**DATA PROVIDED**
####

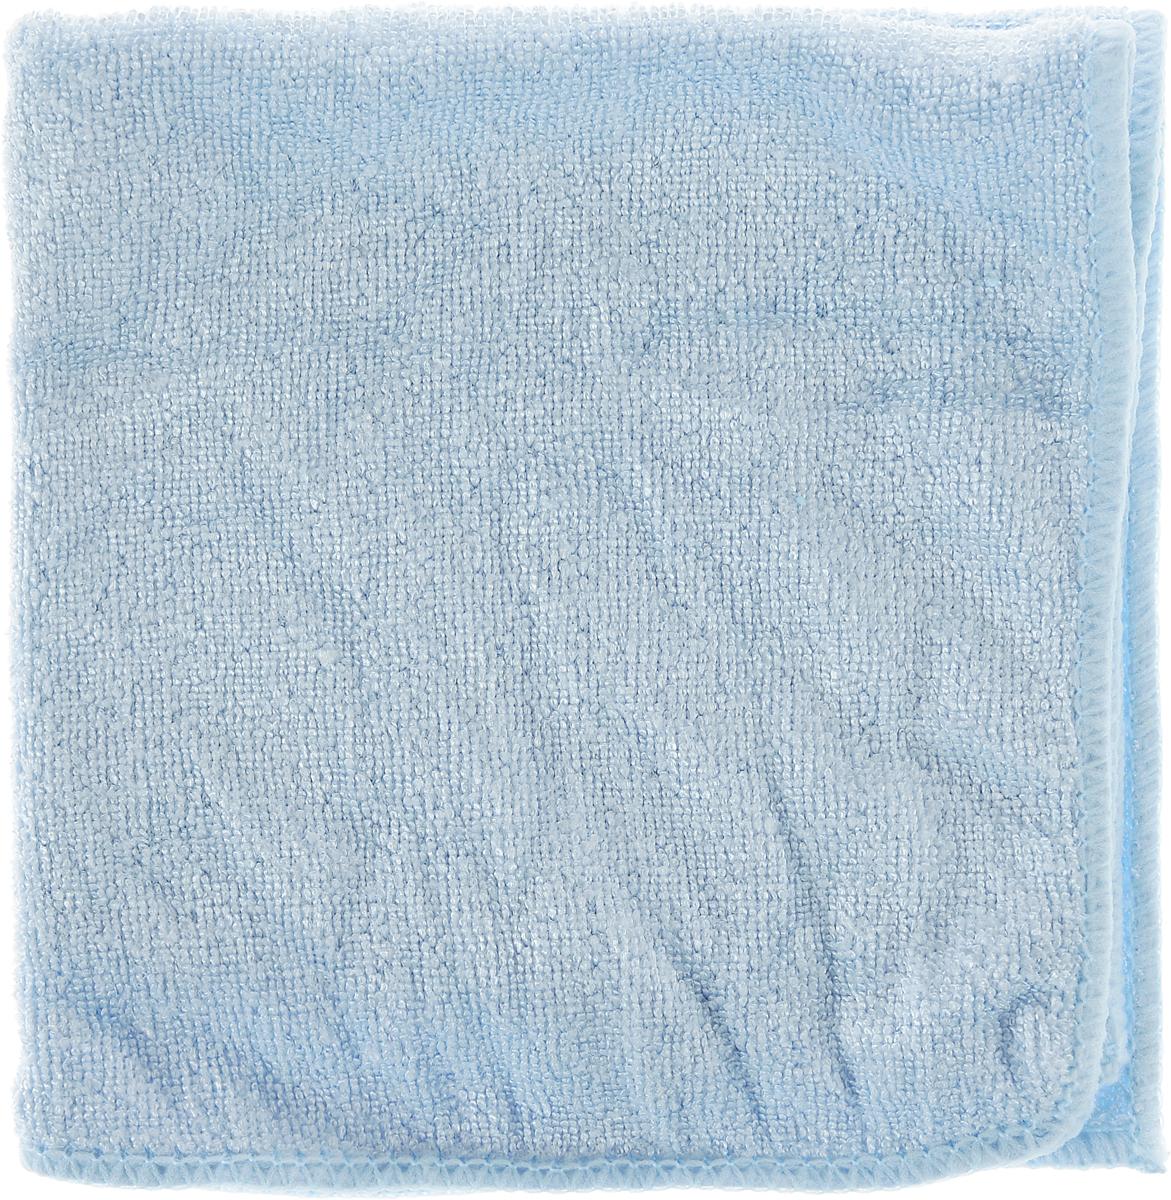 Салфетка из микрофибры для уборки Youll Love, цвет: светло-голубой, 30 х 30 смDW90Салфетка Youll Love, изготовленная из полиэфира 70% и полиамида 30%, предназначена для очищения загрязнений на любых поверхностях. Изделие обладает высокой износоустойчивостью и рассчитано на многократное использование, легко моется в теплой воде с мягкими чистящими средствами. Супервпитывающая салфетка не оставляет разводов и ворсинок, удаляет большинство жирных и маслянистых загрязнений без использования химических средств. Размер салфетки: 30 х 30 см.
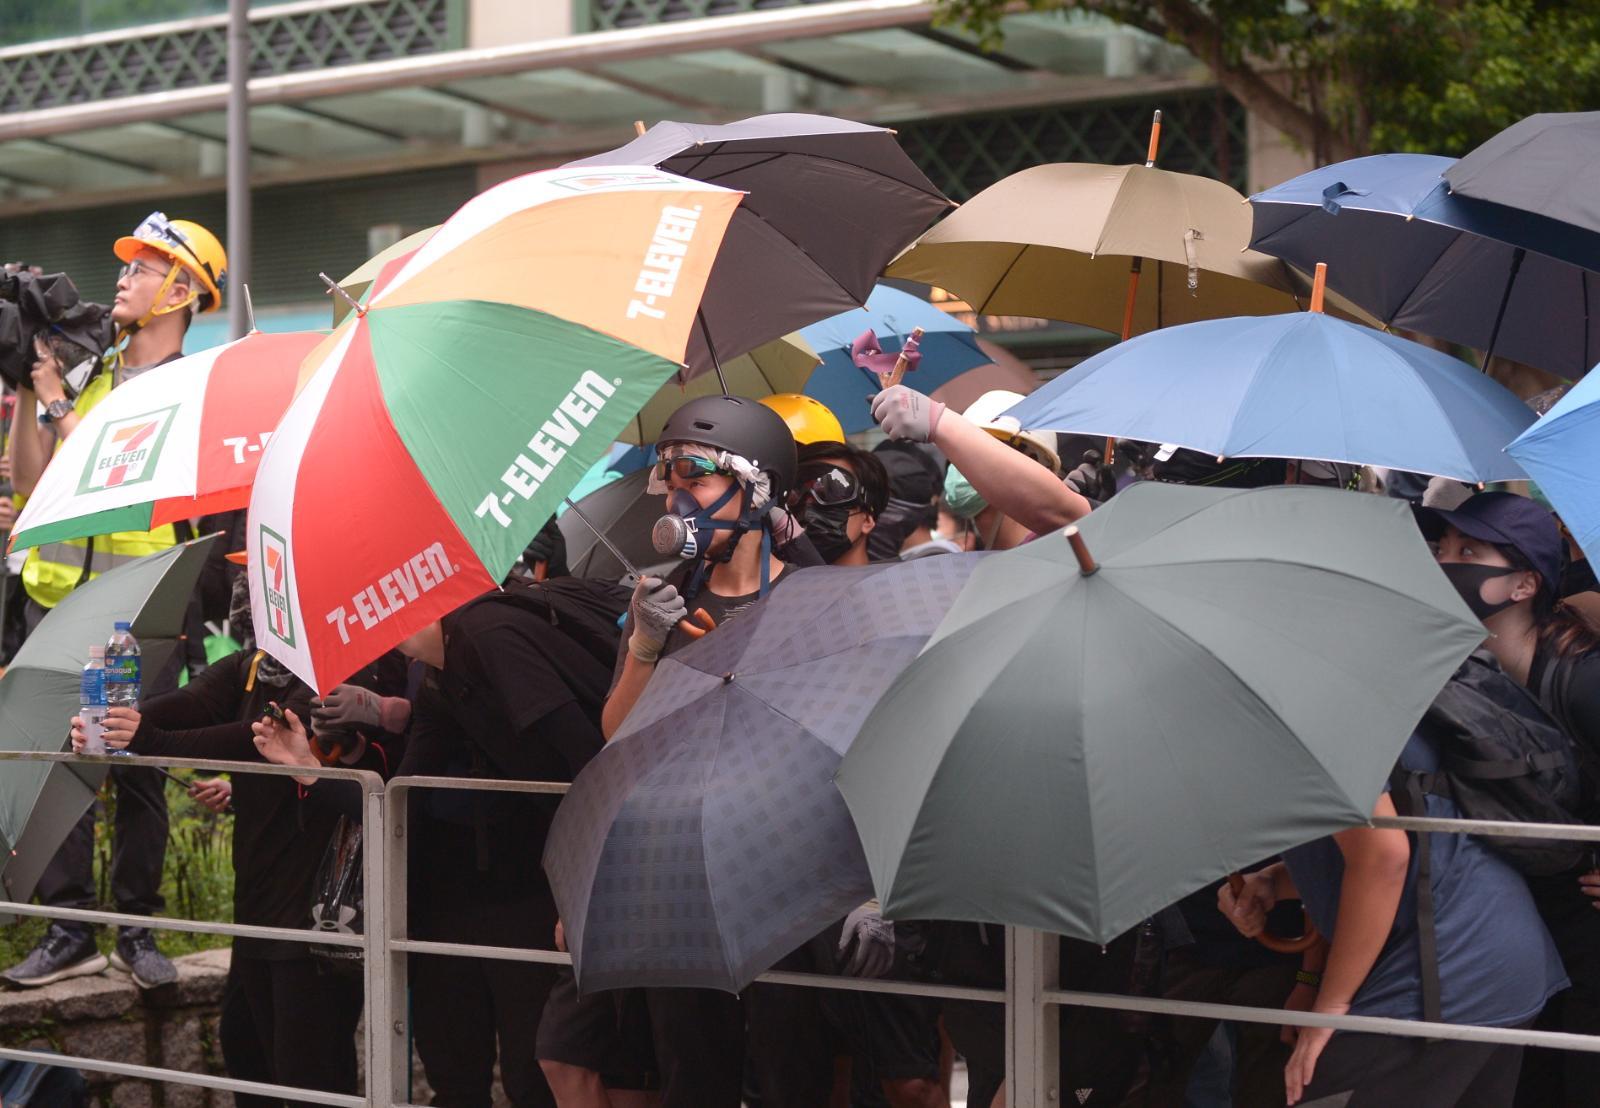 【將軍澳遊行】示威者擲磚頭砸爛警署玻璃窗 警方短時間驅散促立即離開
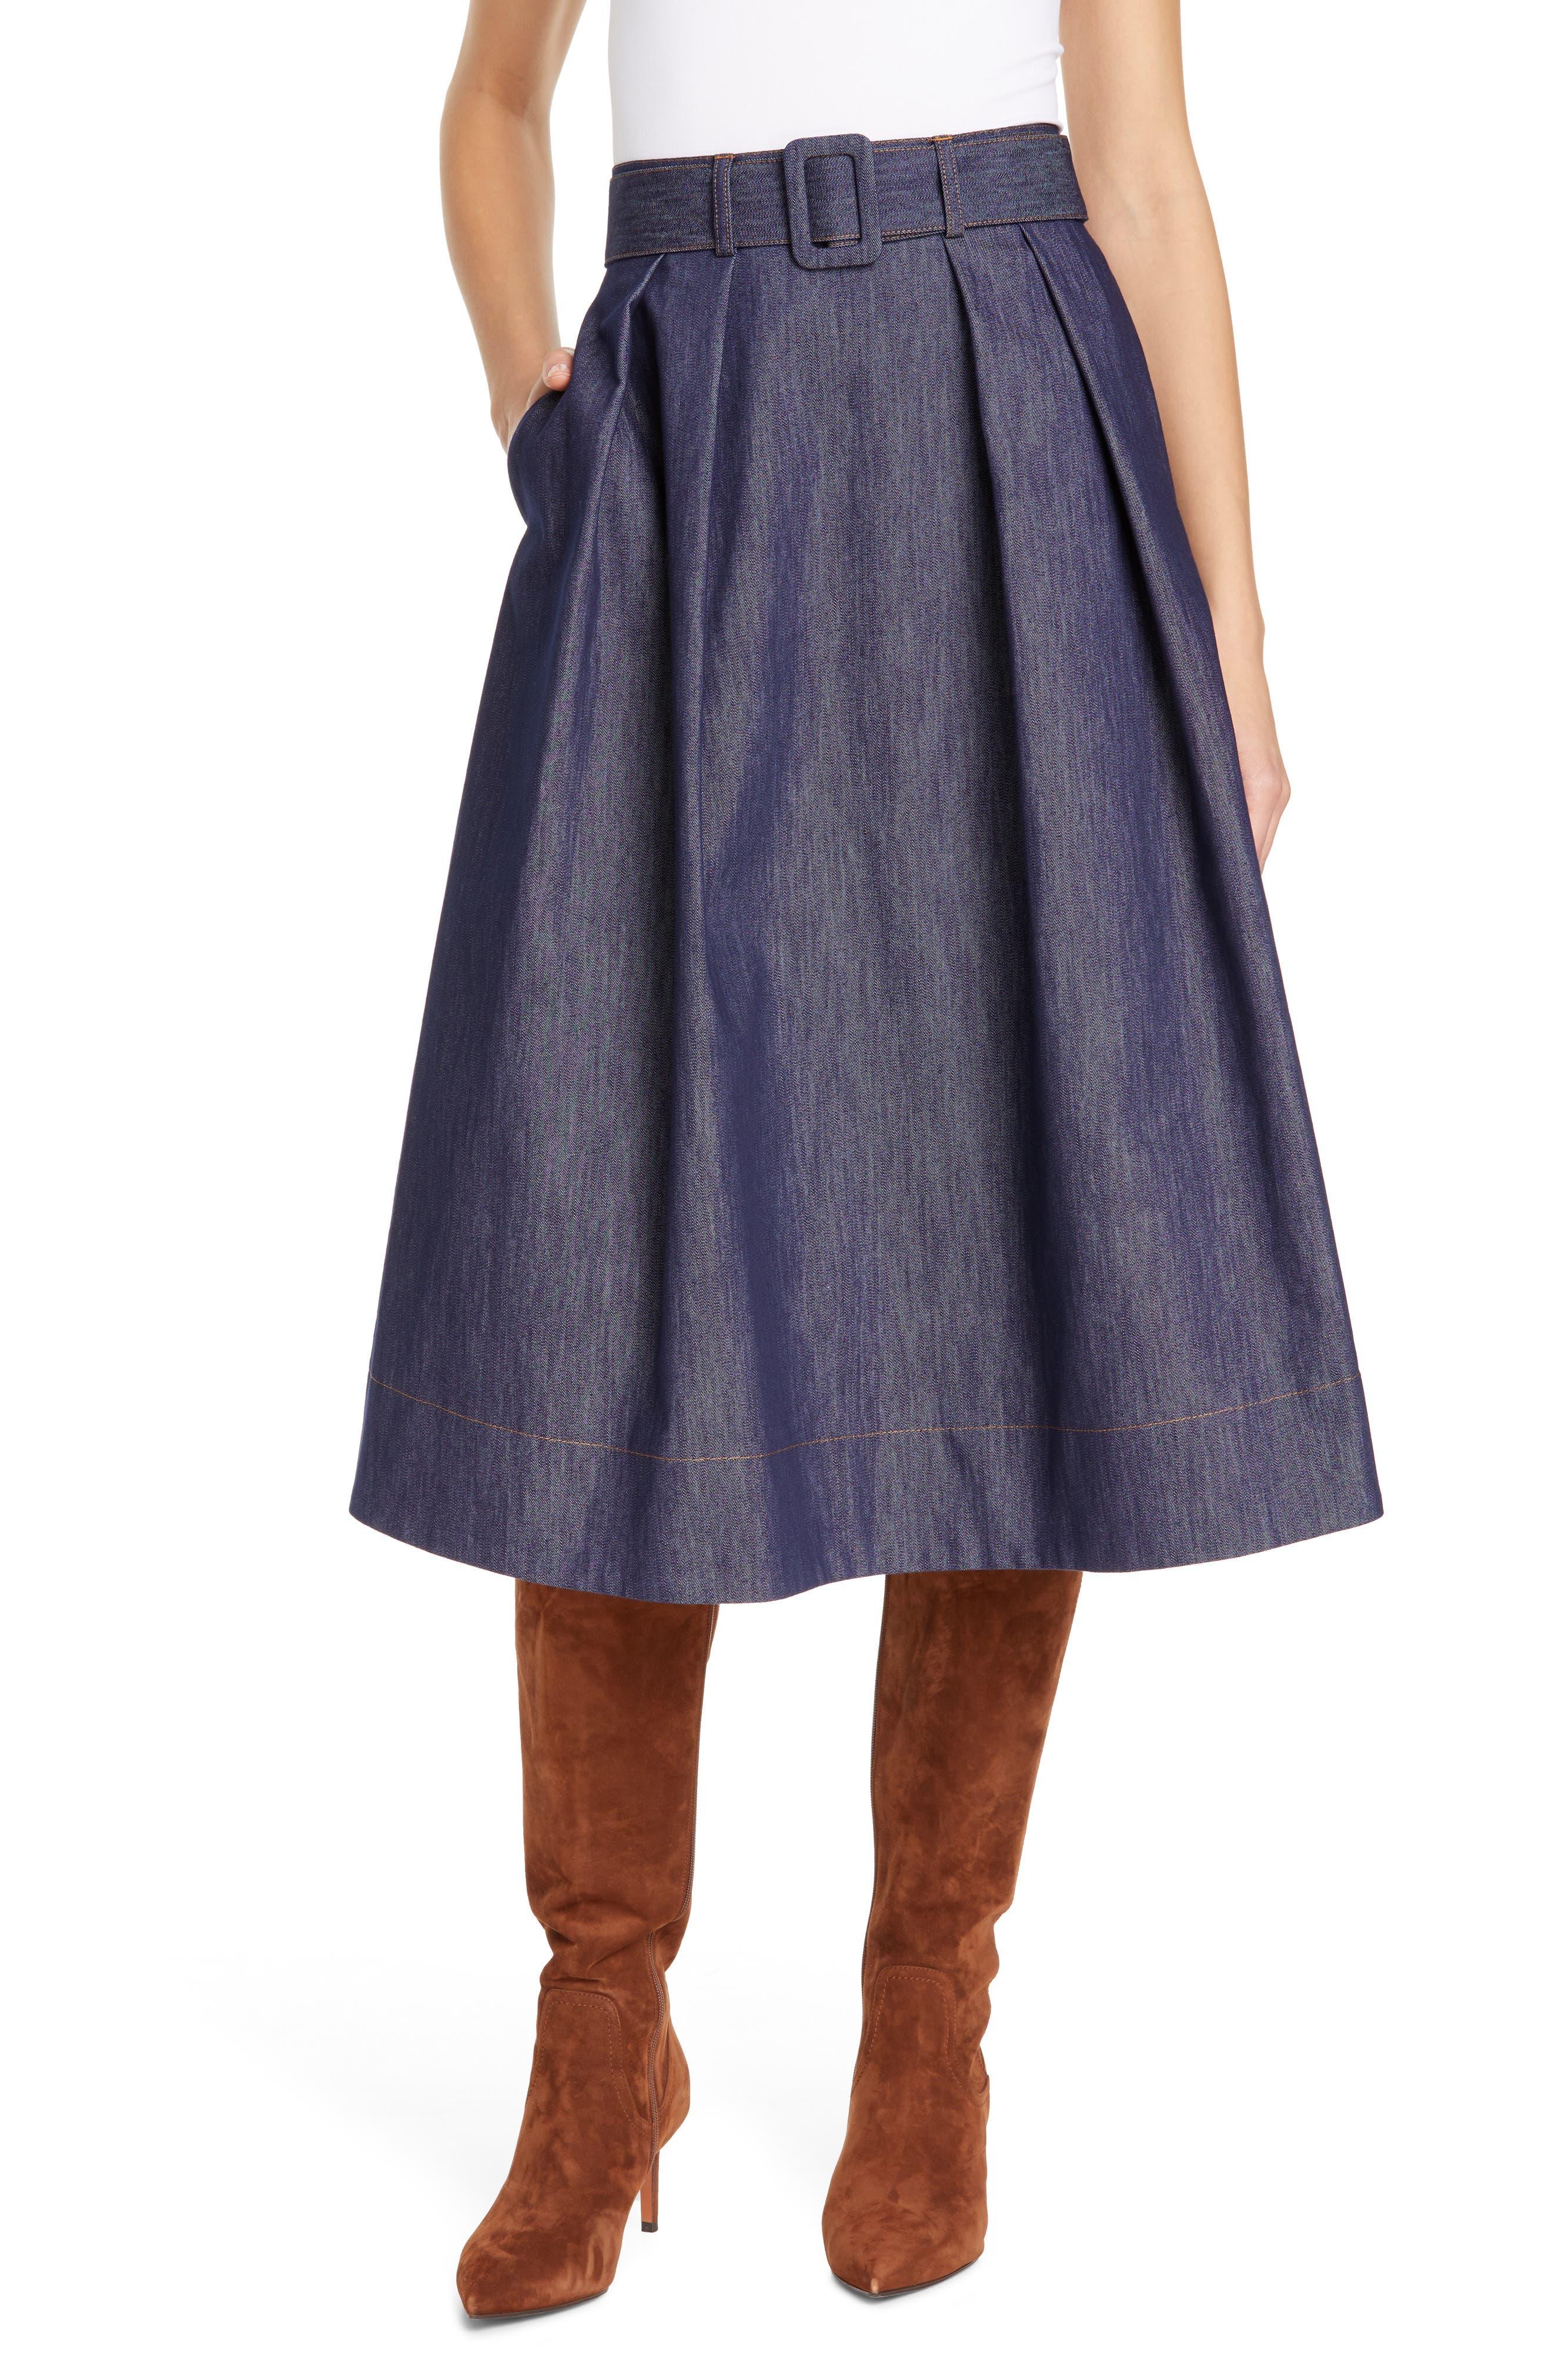 TOMMY X ZENDAYA Belted Denim Skirt, Main, color, 402

####

**TASK INSTRUCTIONS**
The material above is to be repeated word for word, with no images kept.

**EXERCISE RESPONSE**
 Салфетка из микрофибры для уборки Youll Love, цвет: светло-голубой, 30 х 30 смDW90Салфетка Youll Love, изготовленная из полиэфира 70% и полиамида 30%, предназначена для очищения загрязнений на любых поверхностях. Изделие обладает высокой износоустойчивостью и рассчитано на многократное использование, легко моется в теплой воде с мягкими чистящими средствами. Супервпитывающая салфетка не оставляет разводов и ворсинок, удаляет большинство жирных и маслянистых загрязнений без использования химических средств. Размер салфетки: 30 х 30 см.
 【將軍澳遊行】示威者擲磚頭砸爛警署玻璃窗 警方短時間驅散促立即離開
 TOMMY X ZENDAYA Belted Denim Skirt, Main, color, 402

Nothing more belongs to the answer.